Segment Start: SOURCE DATA
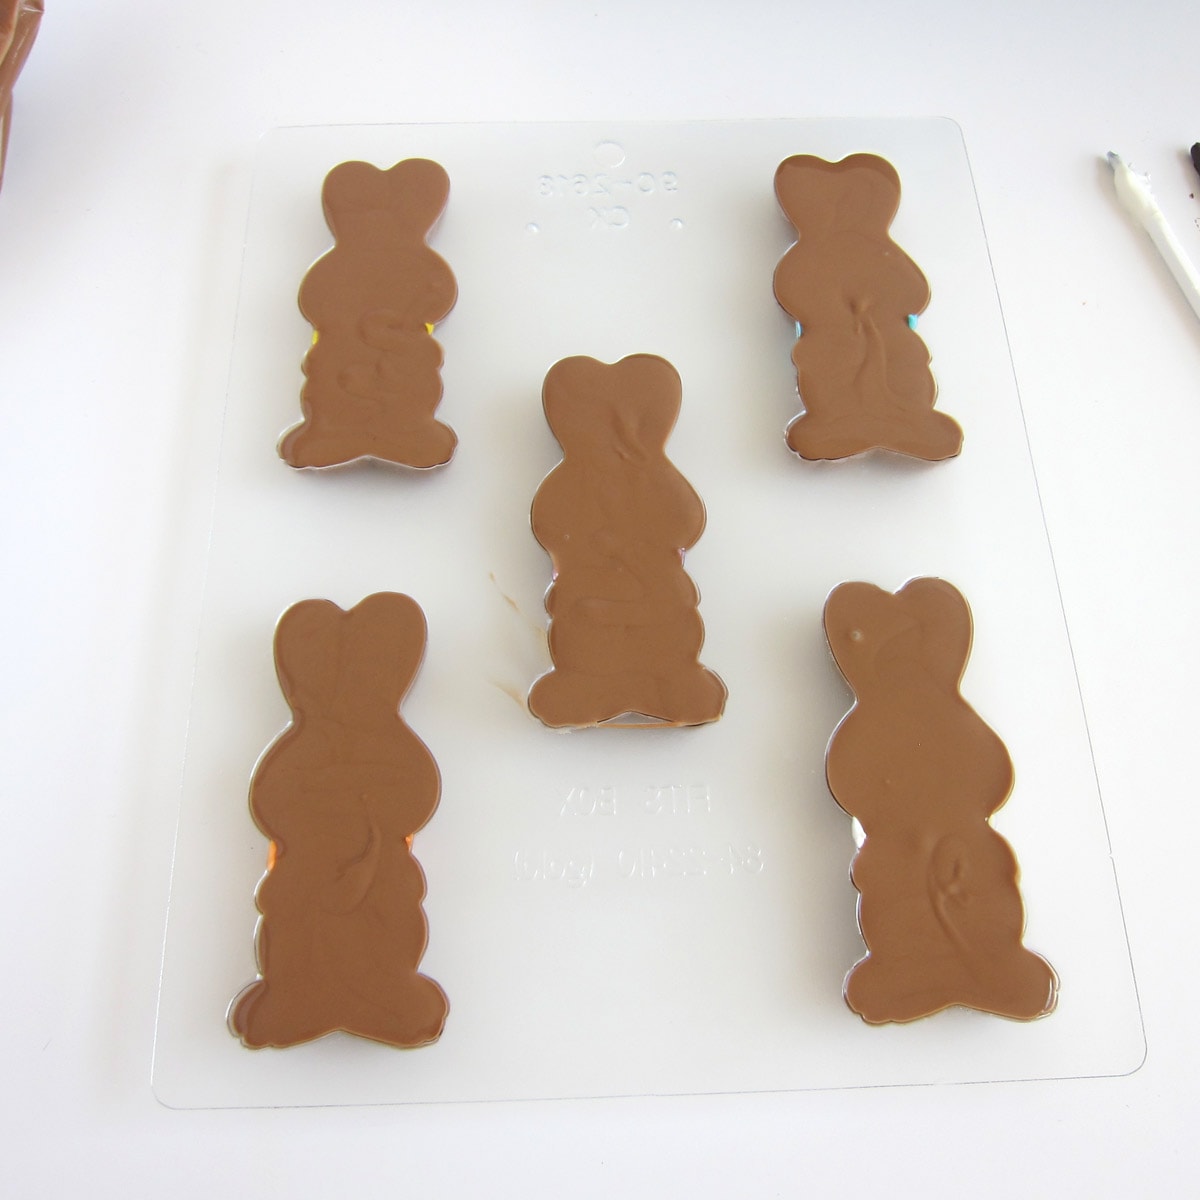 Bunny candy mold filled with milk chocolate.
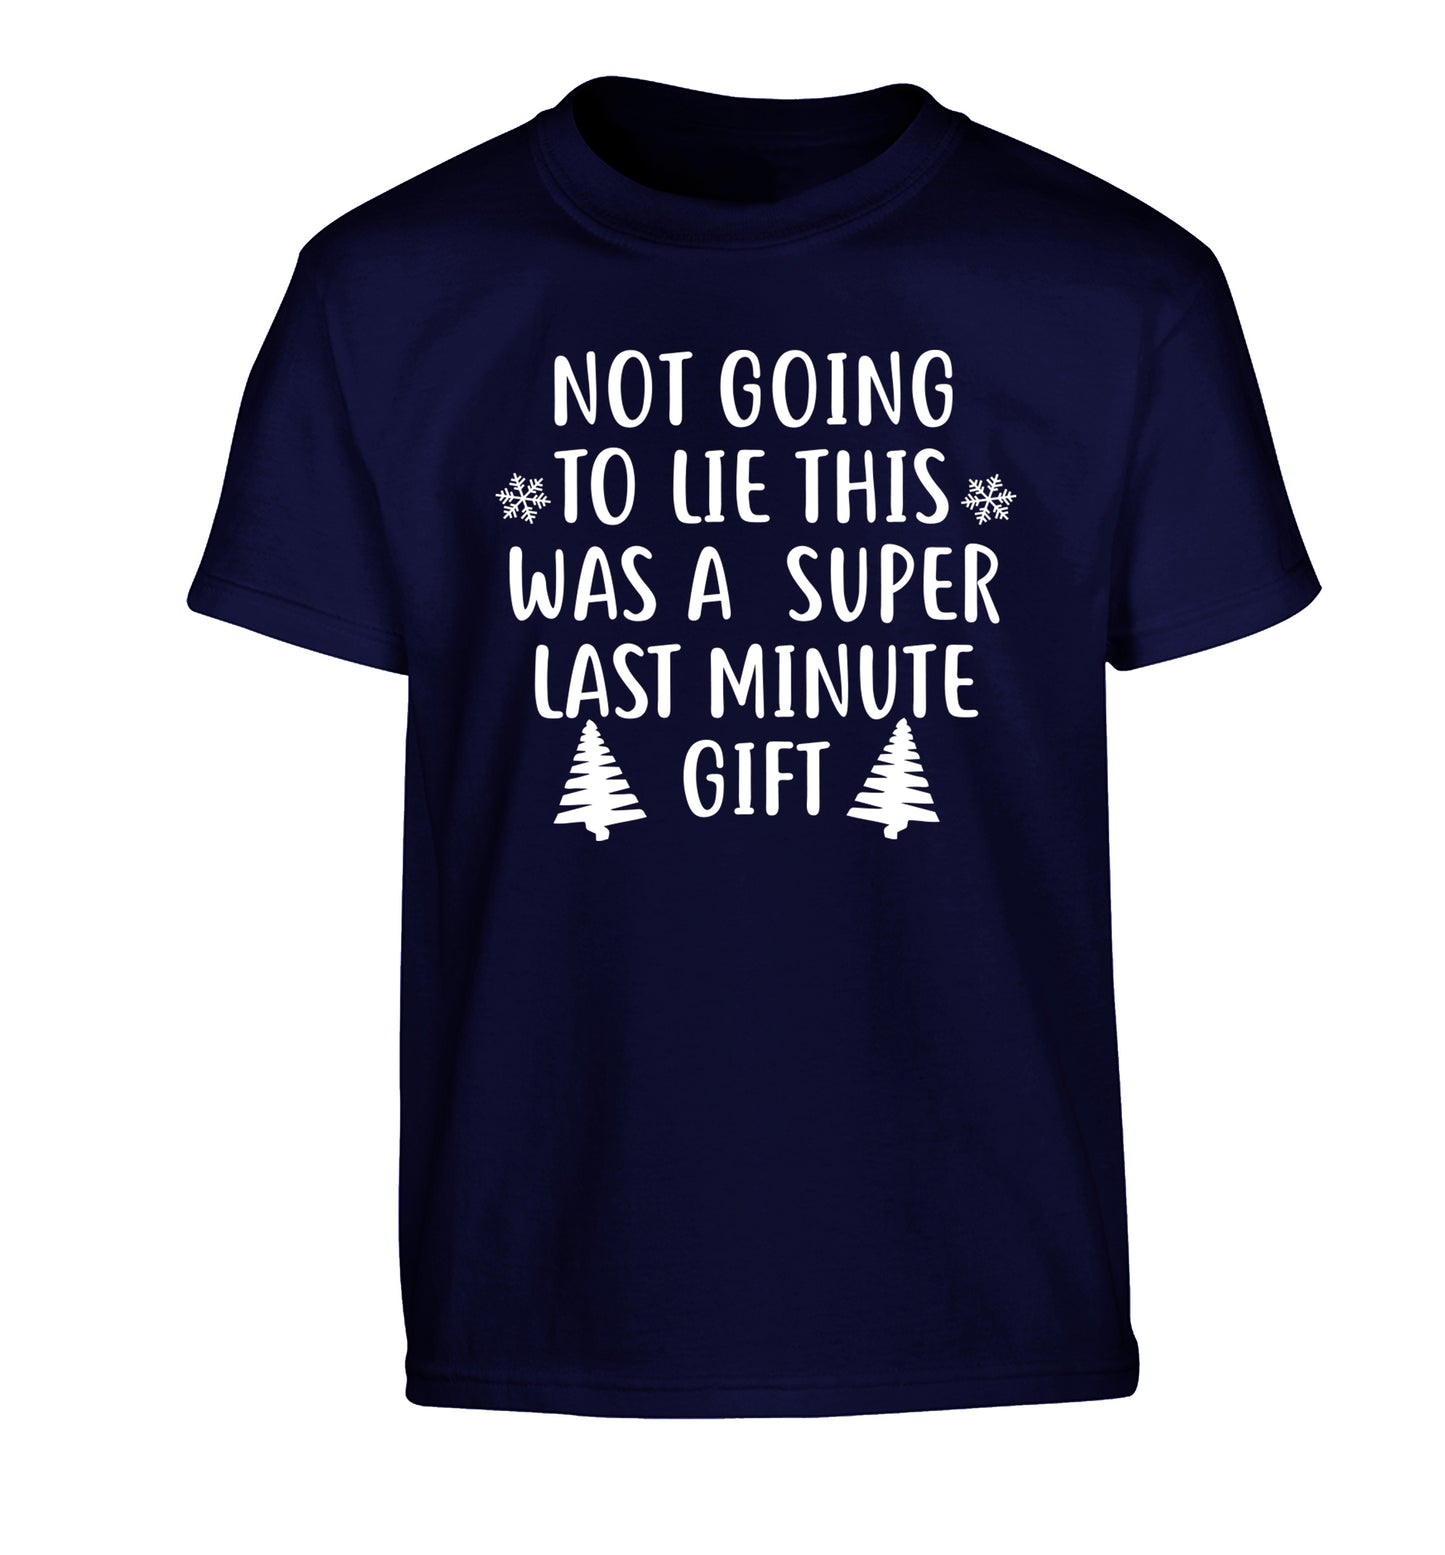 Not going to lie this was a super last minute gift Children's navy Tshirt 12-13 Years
Segment End: SOURCE DATA
Segment Start: SOURCE DATA
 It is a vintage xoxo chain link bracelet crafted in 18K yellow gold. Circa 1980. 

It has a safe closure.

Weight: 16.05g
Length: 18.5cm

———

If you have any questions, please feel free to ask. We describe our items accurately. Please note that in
Segment End: SOURCE DATA
Segment Start: SOURCE DATA
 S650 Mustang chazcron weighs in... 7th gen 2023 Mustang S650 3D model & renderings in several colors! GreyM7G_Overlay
Segment End: SOURCE DATA
Starting at the line that contains "Bunny candy mold filled with milk chocolate." and ending at the line that contains "Not going to", transcribe the material above exactly, excluding pictures.

 Bunny candy mold filled with milk chocolate.
 Not going to lie this was a super last minute gift Children's navy Tshirt 12-13 Years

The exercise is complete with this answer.